He had the sympathising heart; he had the
true vision; and he had as few others of his time had, the power to
plan, the invention to suggest, and the skill and pluck to overcome
difficulties, but the carrying out of his intent brought him infinite
trouble and sorrow. His prospectus, offering the means to the
poverty-stricken people of reaching what he believed to be a home of
ultimate plenty on the banks of the Red River, was an entirely worthy
document. His first point is, that his Colonists will be freemen. No
religious tenet will be considered in their selection.
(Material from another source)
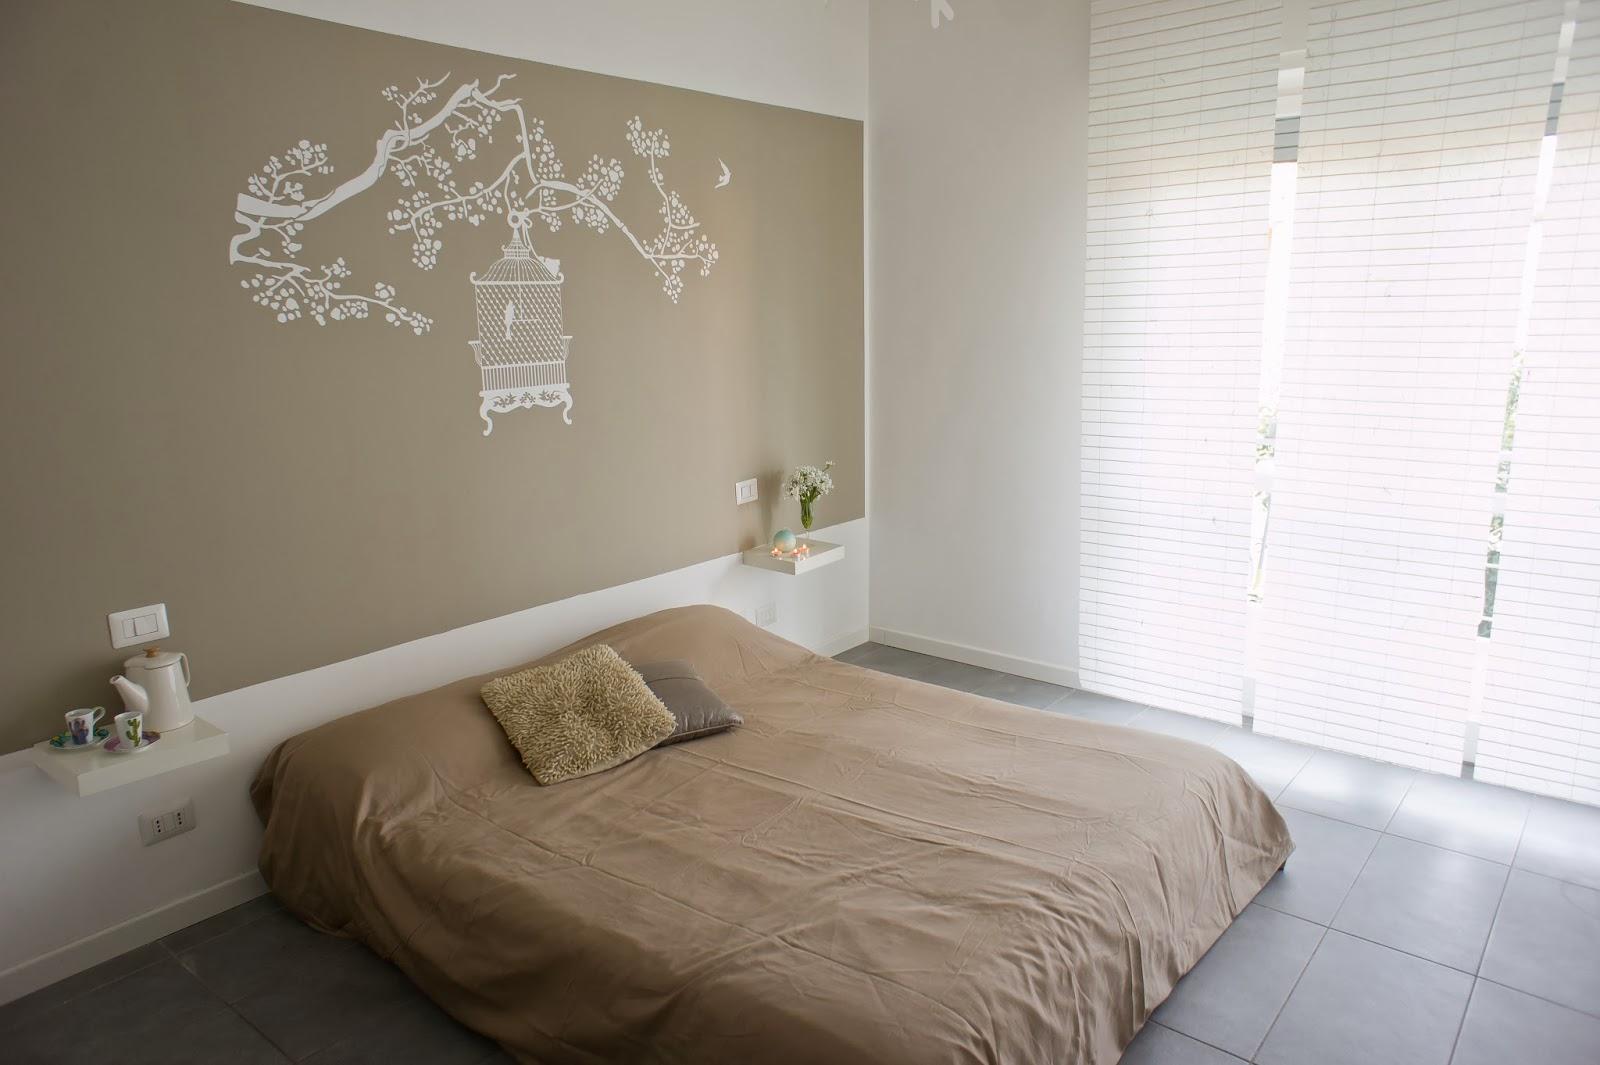 Ea ristruttura appartamento ristrutturato da noi camera for Ristrutturare la camera da letto

This was even
freer that was that of Lord Baltimore's much-vaunted Colony, on the
Atlantic Coast, for Baltimore required that every Colonist should
believe in the doctrine of the Trinity. Then, the offer was to the
landless and the penniless men. Employment was to be supplied; work in
the employ of the Hudson's Bay Company, or free grants of land to actual
settlers, or even a sale in fee simple of land for a mere nominal sum;
free passages for the poor, reduced passages for those who had small
means, food provided on the voyage, and the prospect of new world
advantages to all.
But the poor are timid, and they love even their straw-thatched
cottages, and it needs active and decided men to press upon them the
advantages which are offered them. The Emigration Agent is a necessity.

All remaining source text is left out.